- Born: August 25, 1977 (age 49)
- Education: Harvard University (AB) Massachusetts Institute of Technology (MS, PhD)
- Awards: Fellow of the IEEE (2023) NSF CAREER Award (2011)
- Scientific career
- Fields: Machine learning, mathematical optimization, high-dimensional statistics
- Workplaces: University of Texas at Austin
- Thesis: Adaptable optimization: theory and algorithms (2006)

= Constantine Caramanis =

Professor at The University of Texas at Austin

Constantine Caramanis (born August 25, 1977) is a professor in the Department of Electrical and Computer Engineering at the University of Texas at Austin, where he holds the Chandra Family Endowed Distinguished Professorship in Electrical and Computer Engineering. His research concerns machine learning, high-dimensional statistics, optimization, and decision-making in large-scale systems.

== Education and career ==

Caramanis received an AB in mathematics from Harvard University and MS and PhD degrees in electrical engineering and computer science from the Massachusetts Institute of Technology. His doctoral dissertation, completed in 2006, was titled Adaptable optimization: theory and algorithms. He joined the University of Texas at Austin faculty in 2006.

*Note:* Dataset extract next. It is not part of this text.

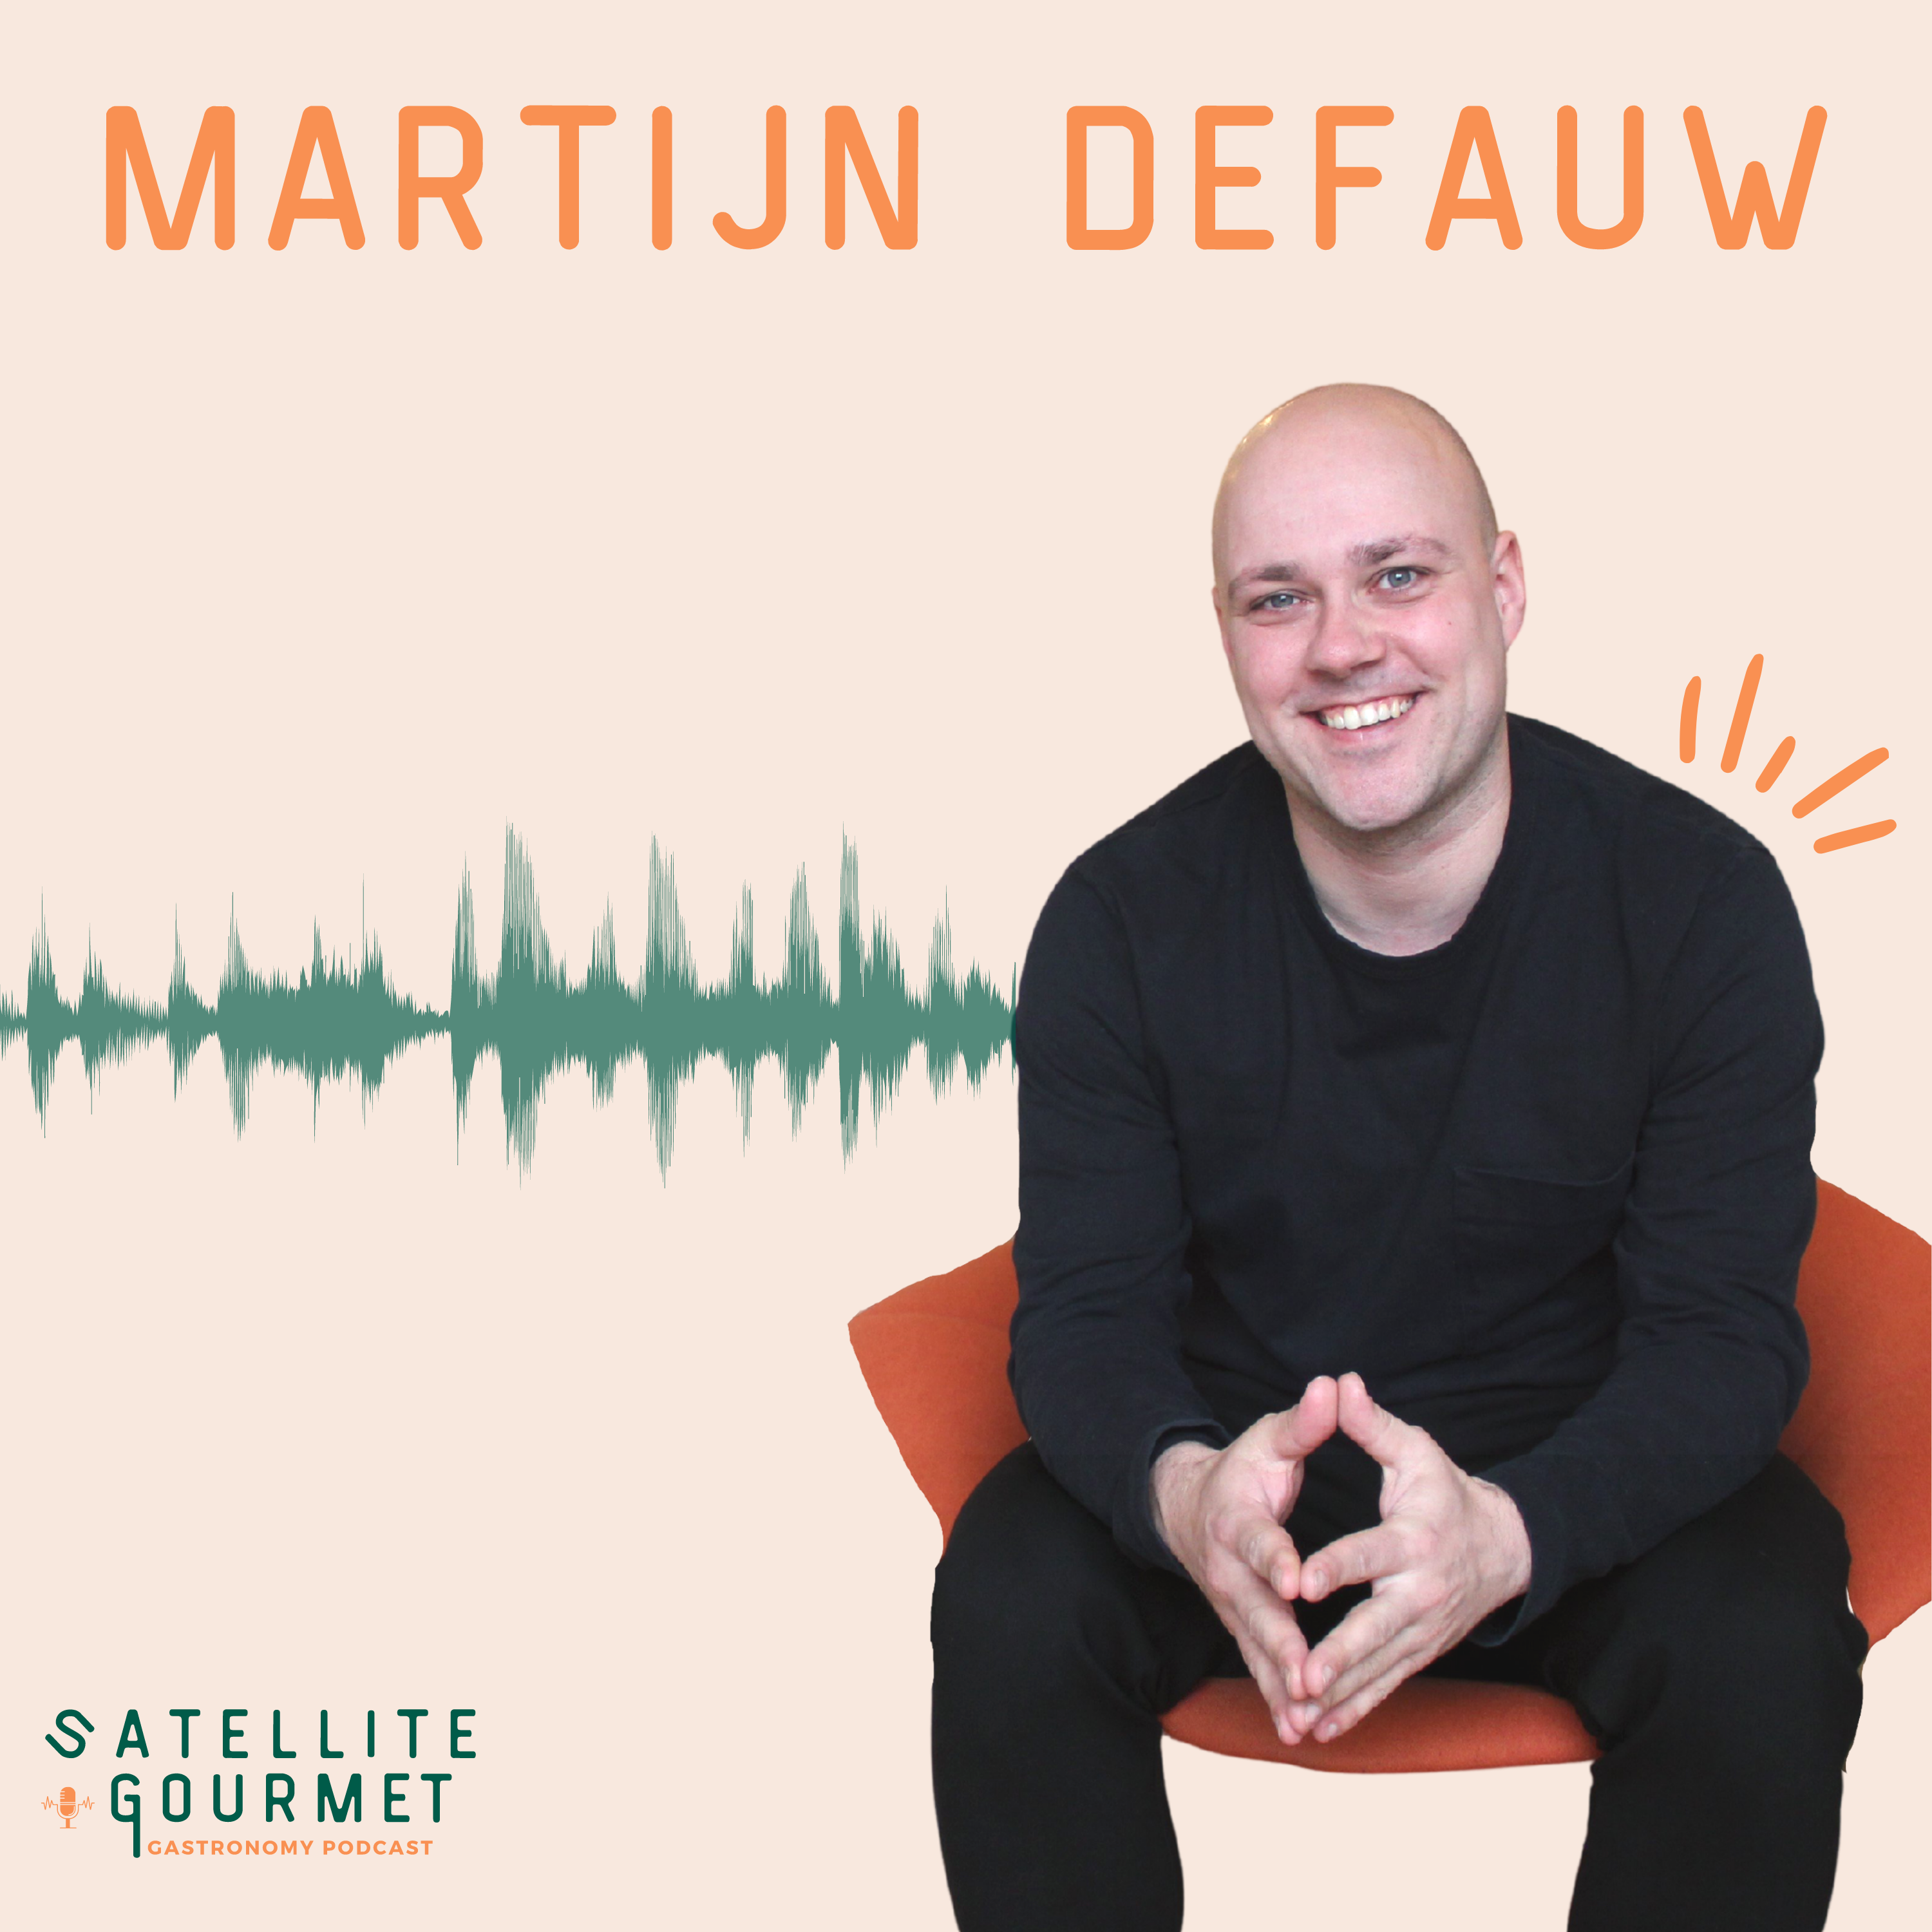 Martijn Defauw

== Research and recognition ==

Caramanis's work includes robust and adaptable optimization, high-dimensional statistics, machine learning, and applications involving communications, transportation, energy, and social networks. In 2011, he received a National Science Foundation CAREER Award for research on high-dimensional statistics and the analysis of corrupted or incomplete data.

Caramanis was elevated to Fellow of the IEEE in the 2023 class for contributions to robust statistics and high-dimensional optimization.